I started to start a post for us to show pictures of our selves then lo and behold i saw the samething just a few posts down...

move along, nothing to see here

MODs feel free to lock or remove this if you like.


----------



## Kirstin (Oct 29, 2008)

ha ha ha - I was just going to give you a link to that one.


----------



## Guest (Nov 18, 2008)

As I was going through the other thread I notices we now have gender tags in our name field.

















I blew them up a little so they look pixelated.


----------



## Kirstin (Oct 29, 2008)

Vampyre said:


> As I was going through the other thread I notices we now have gender tags in our name field.
> 
> 
> 
> ...


Hey! I didn't notice that!! Harvey has been busy behind the scenes!


----------



## Guest (Nov 18, 2008)

Yep, he's quite the busy bee.


----------



## Angela (Nov 2, 2008)

Kirstin said:


> Hey! I didn't notice that!! Harvey has been busy behind the scenes!
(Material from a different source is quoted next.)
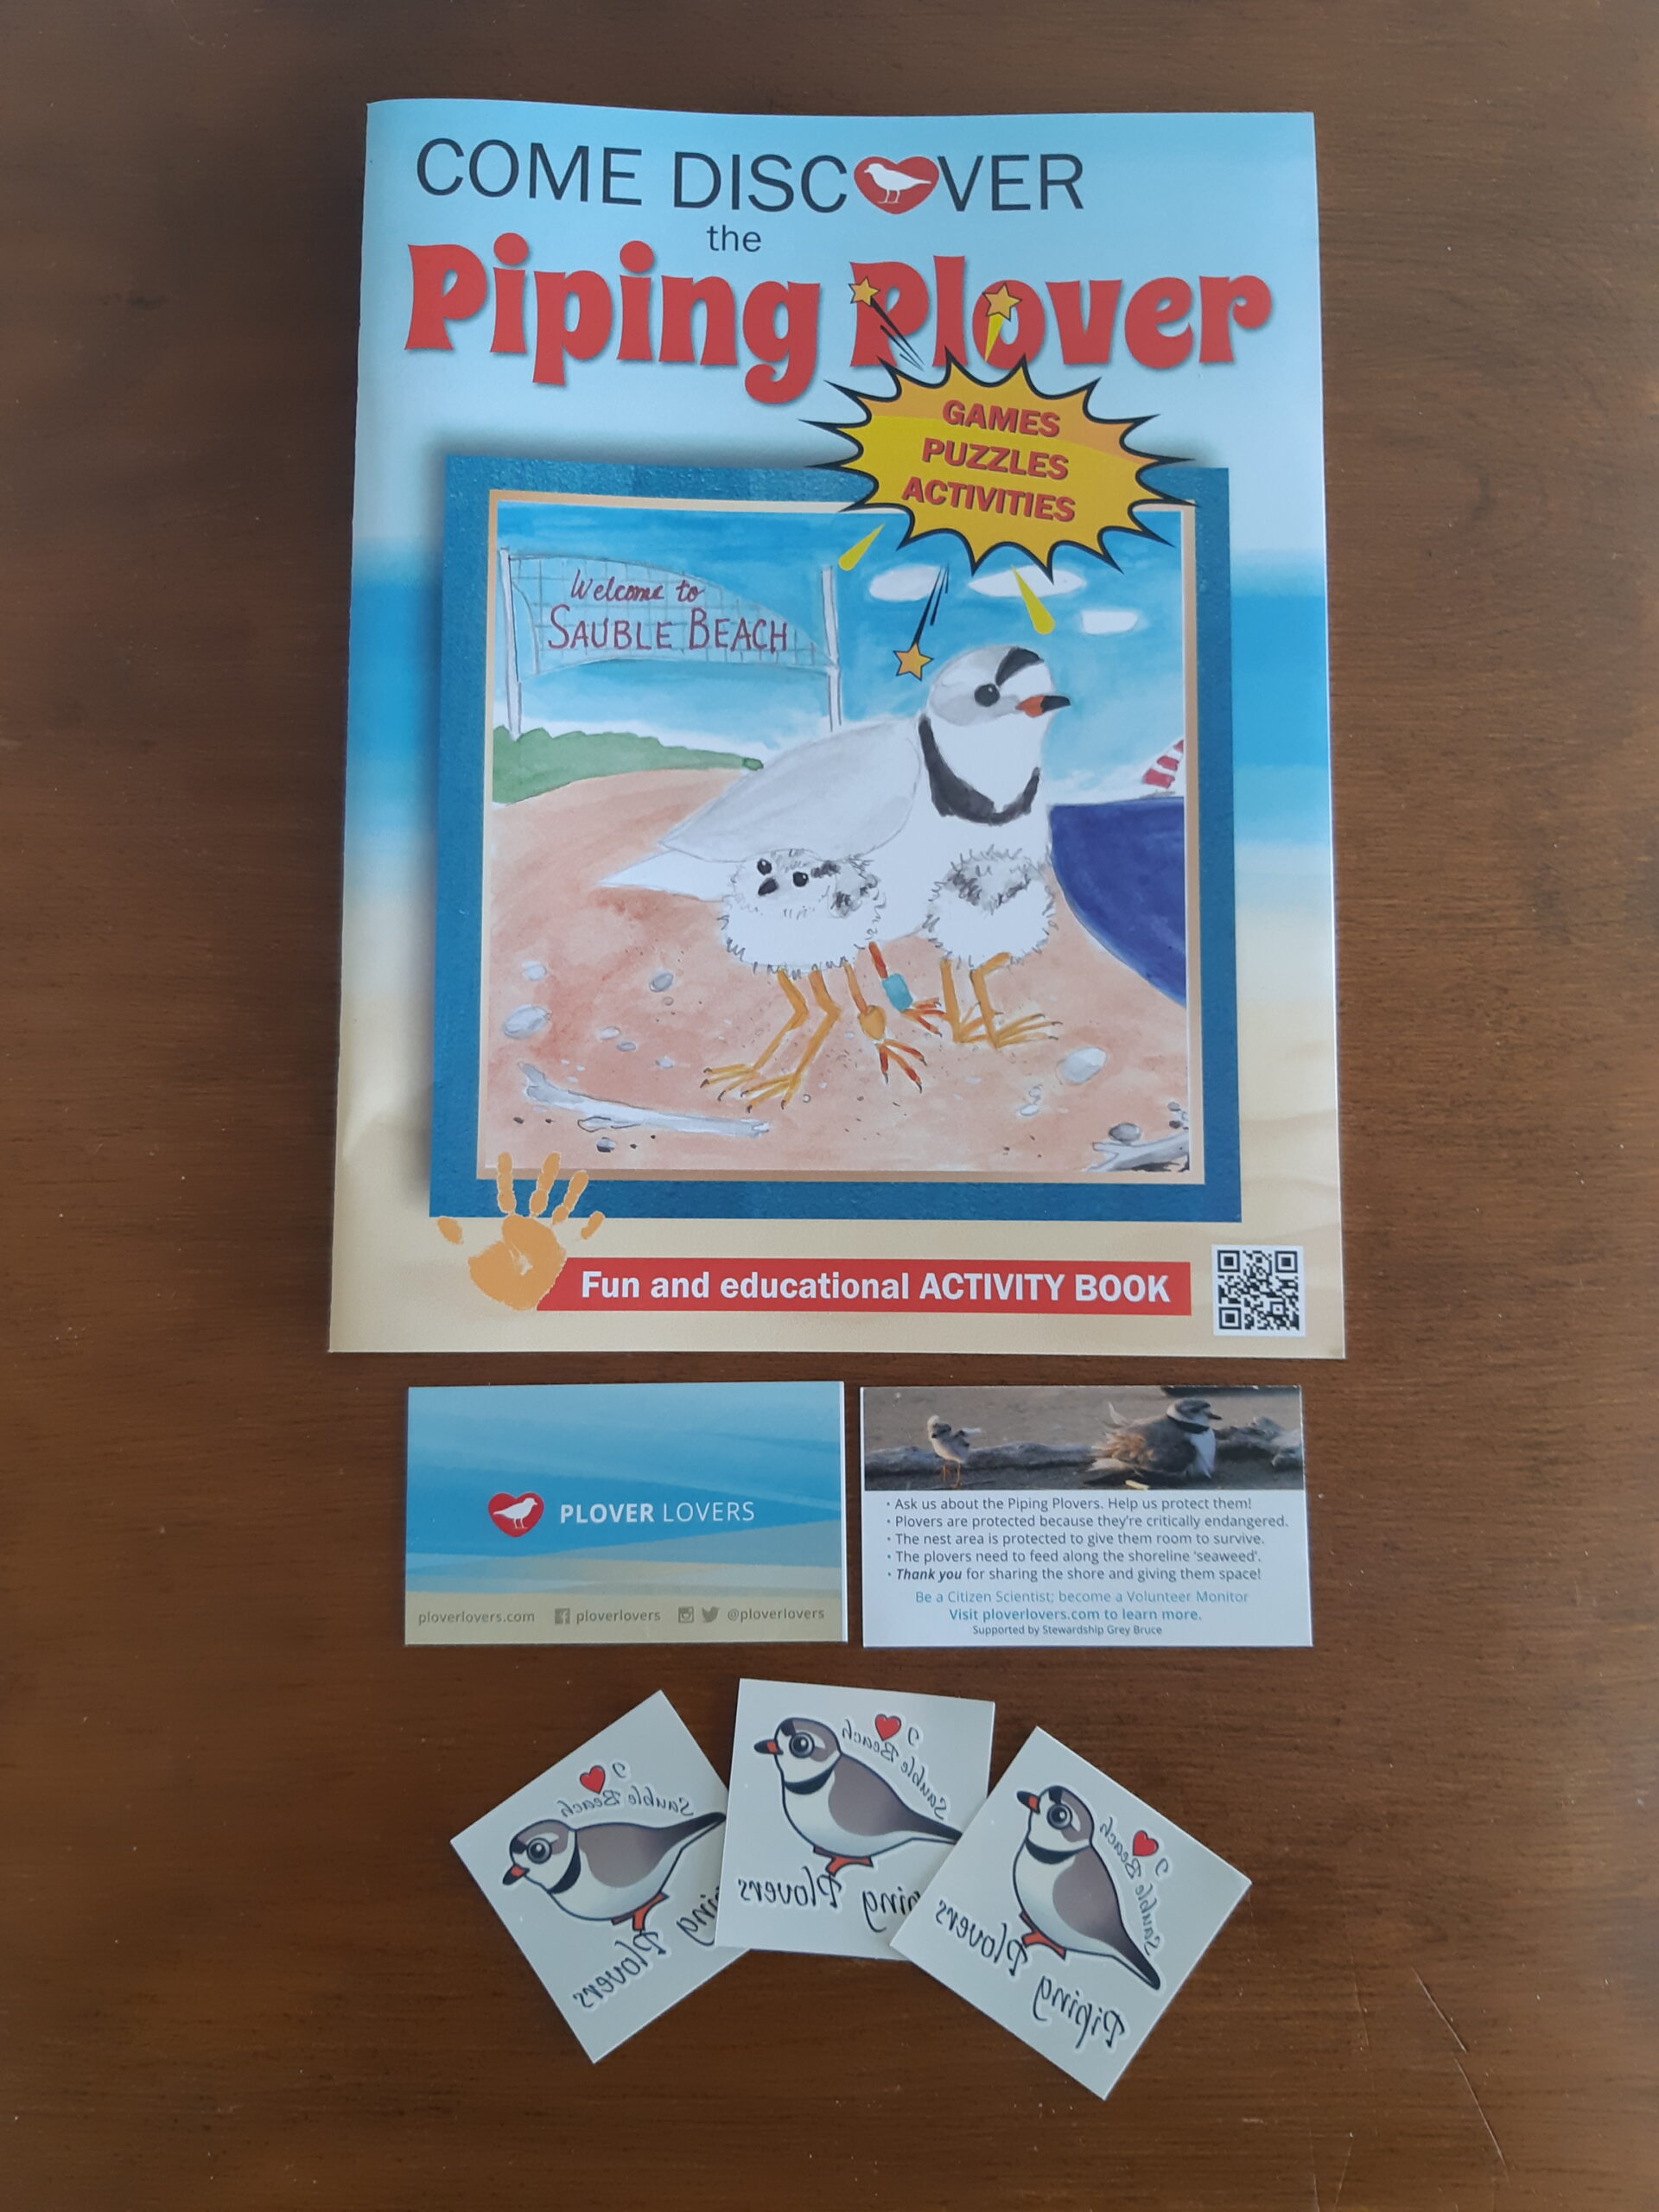 An educational activity book about piping plovers.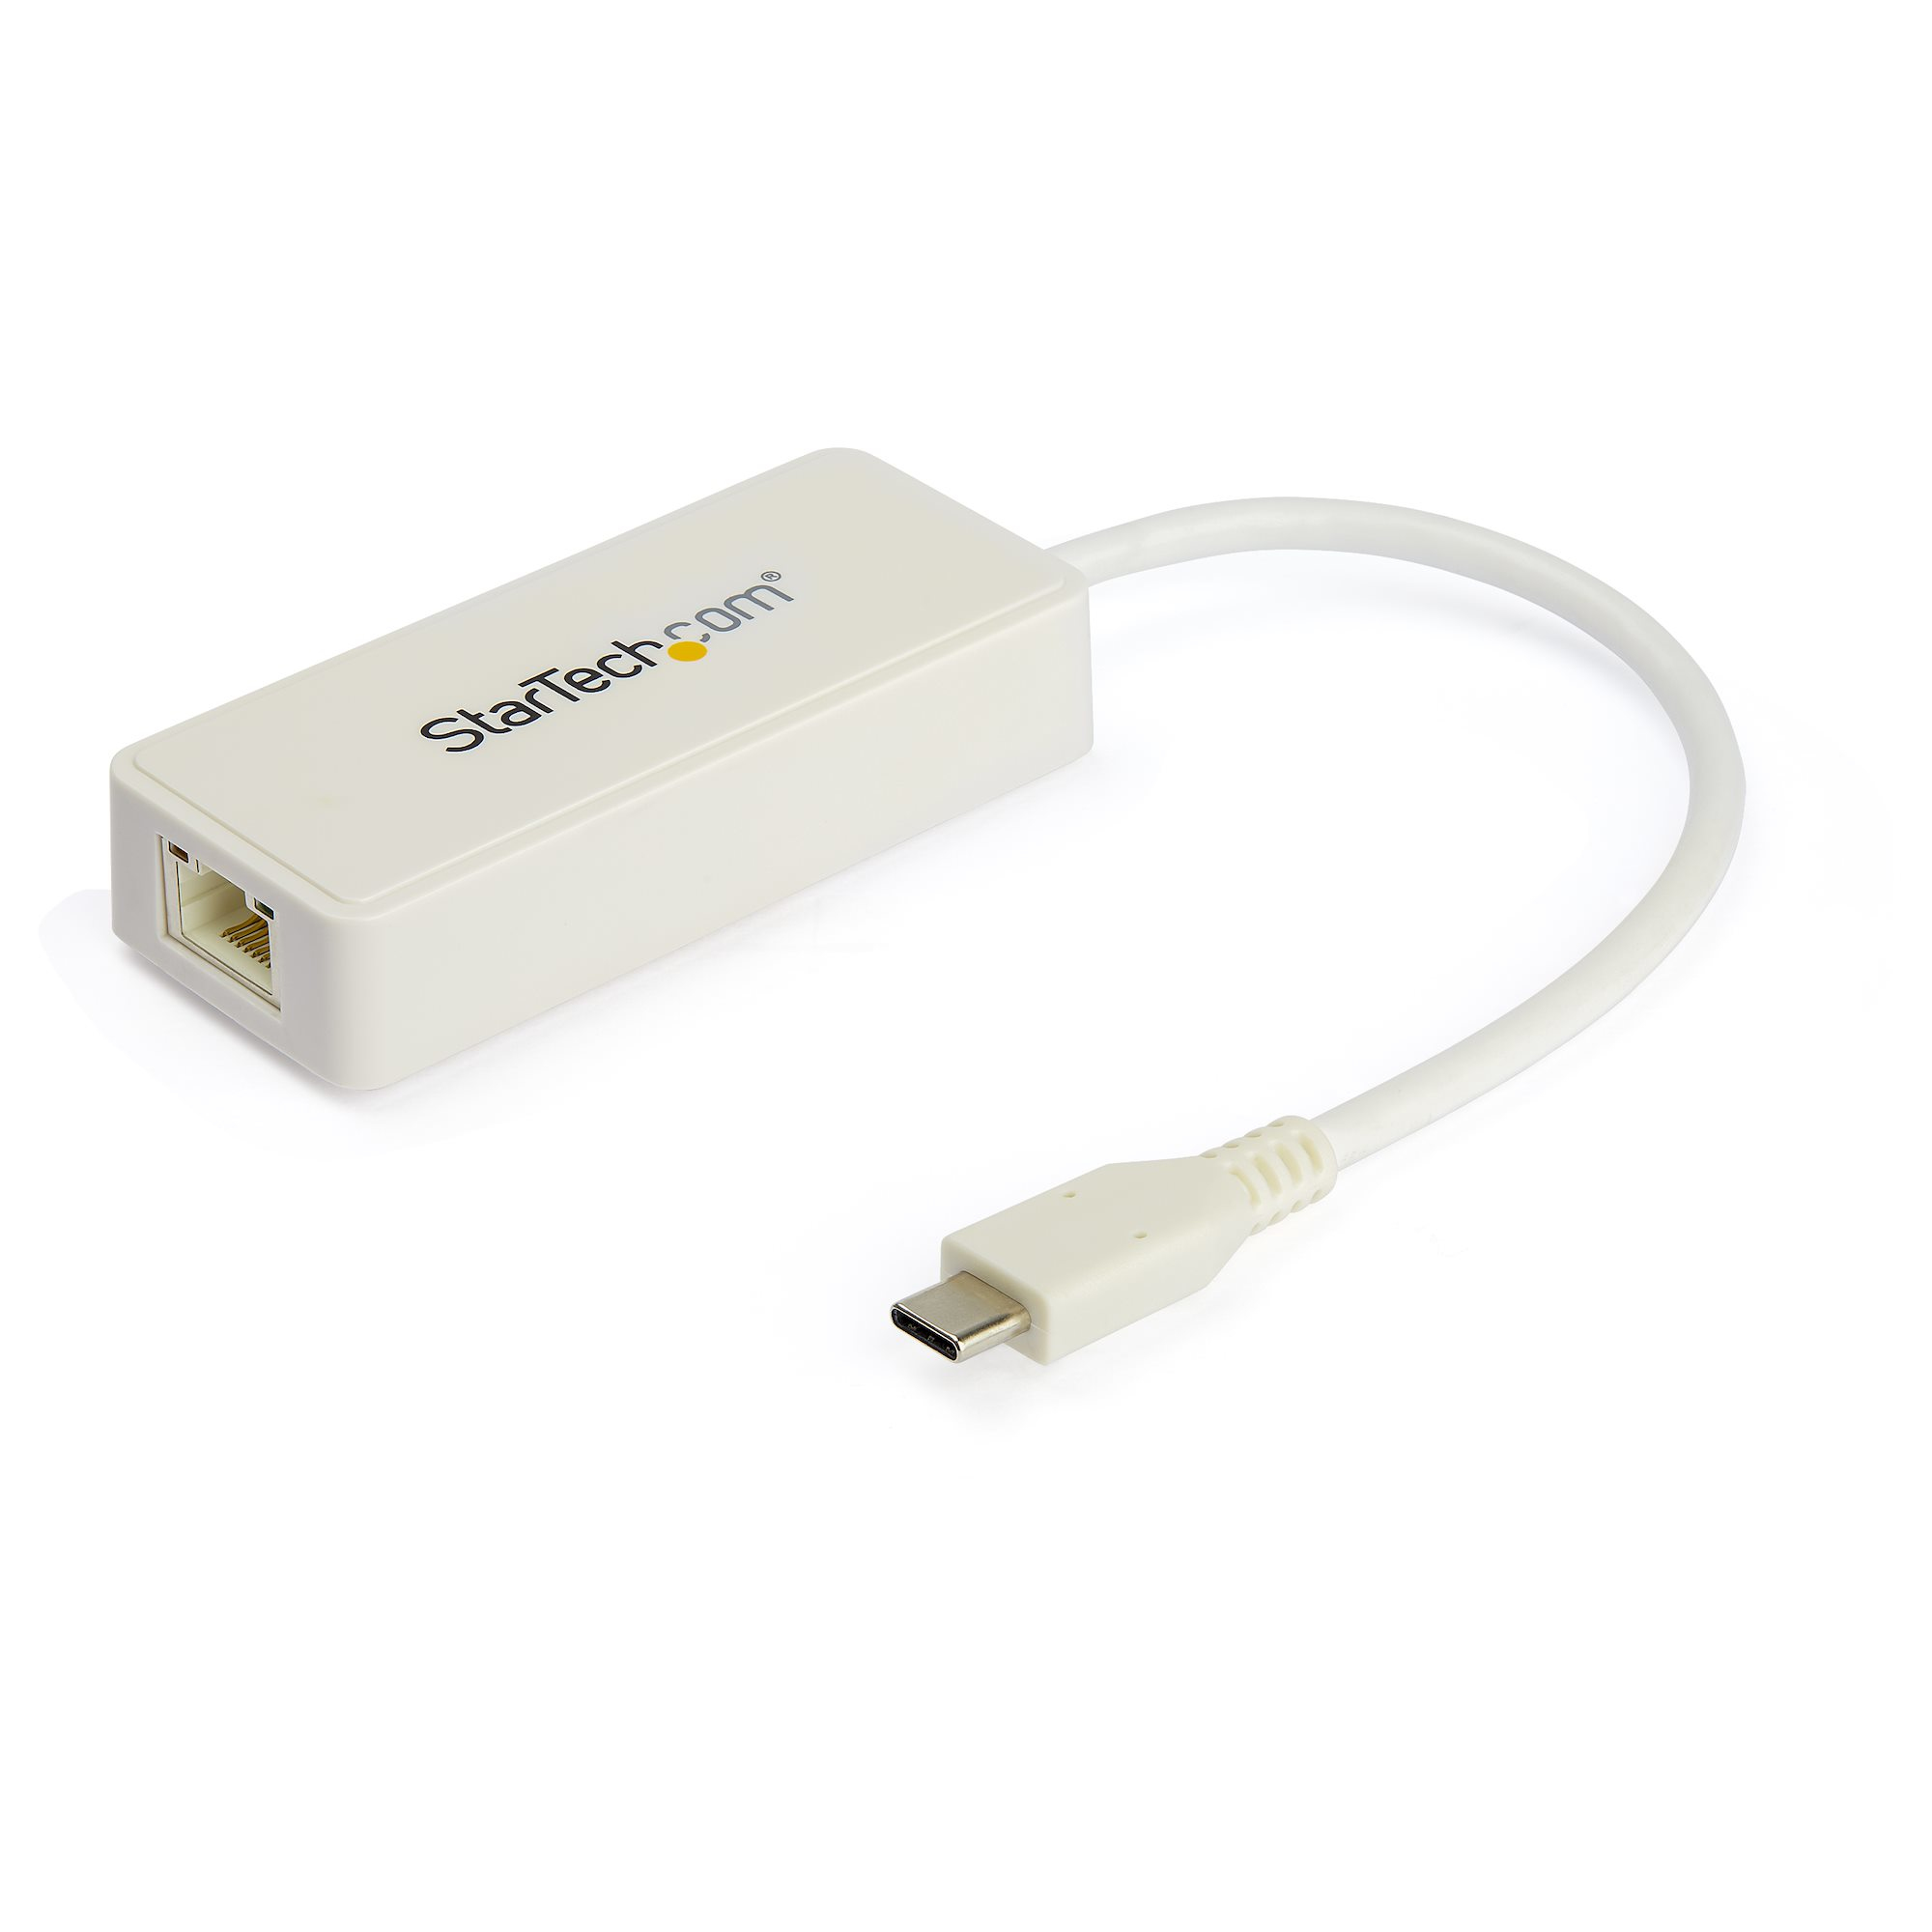 StarTech.com USB C to Gigabit Ethernet Adapter with USB A Port, White 1Gbps NIC USB 3.0/USB 3.1 Type C Network Adapter, 1GbE USB-C RJ45/LAN TB3 Compatible Windows MacBook Pro Chromebook - USB C to Ethernet (US1GC301AUW) - Network adapter - USB-C - Gigabit

they are kinda small and kinda blend in if you are not looking for them.


----------



## sjc (Oct 29, 2008)

Where? I don't see it.


----------



## KBoards Admin (Nov 27, 2007)

Right about...

<--- here. See my 'male' symbol?


----------



## Guest (Nov 18, 2008)

Yep, they are tiny and unobtrusive.


----------



## Linda Cannon-Mott (Oct 28, 2008)

Now when did you do that Harvey?? Cute! I can't keep up with you.


----------



## Angela (Nov 2, 2008)

Vampyre said:


> Yep, they are tiny and unobtrusive.


When I first noticed mine, I wasn't sure what it what until I saw it on yours and then I could tell what it was!!


----------



## sjc (Oct 29, 2008)

Ohhh...there it is... Nice touch Harvey!!


----------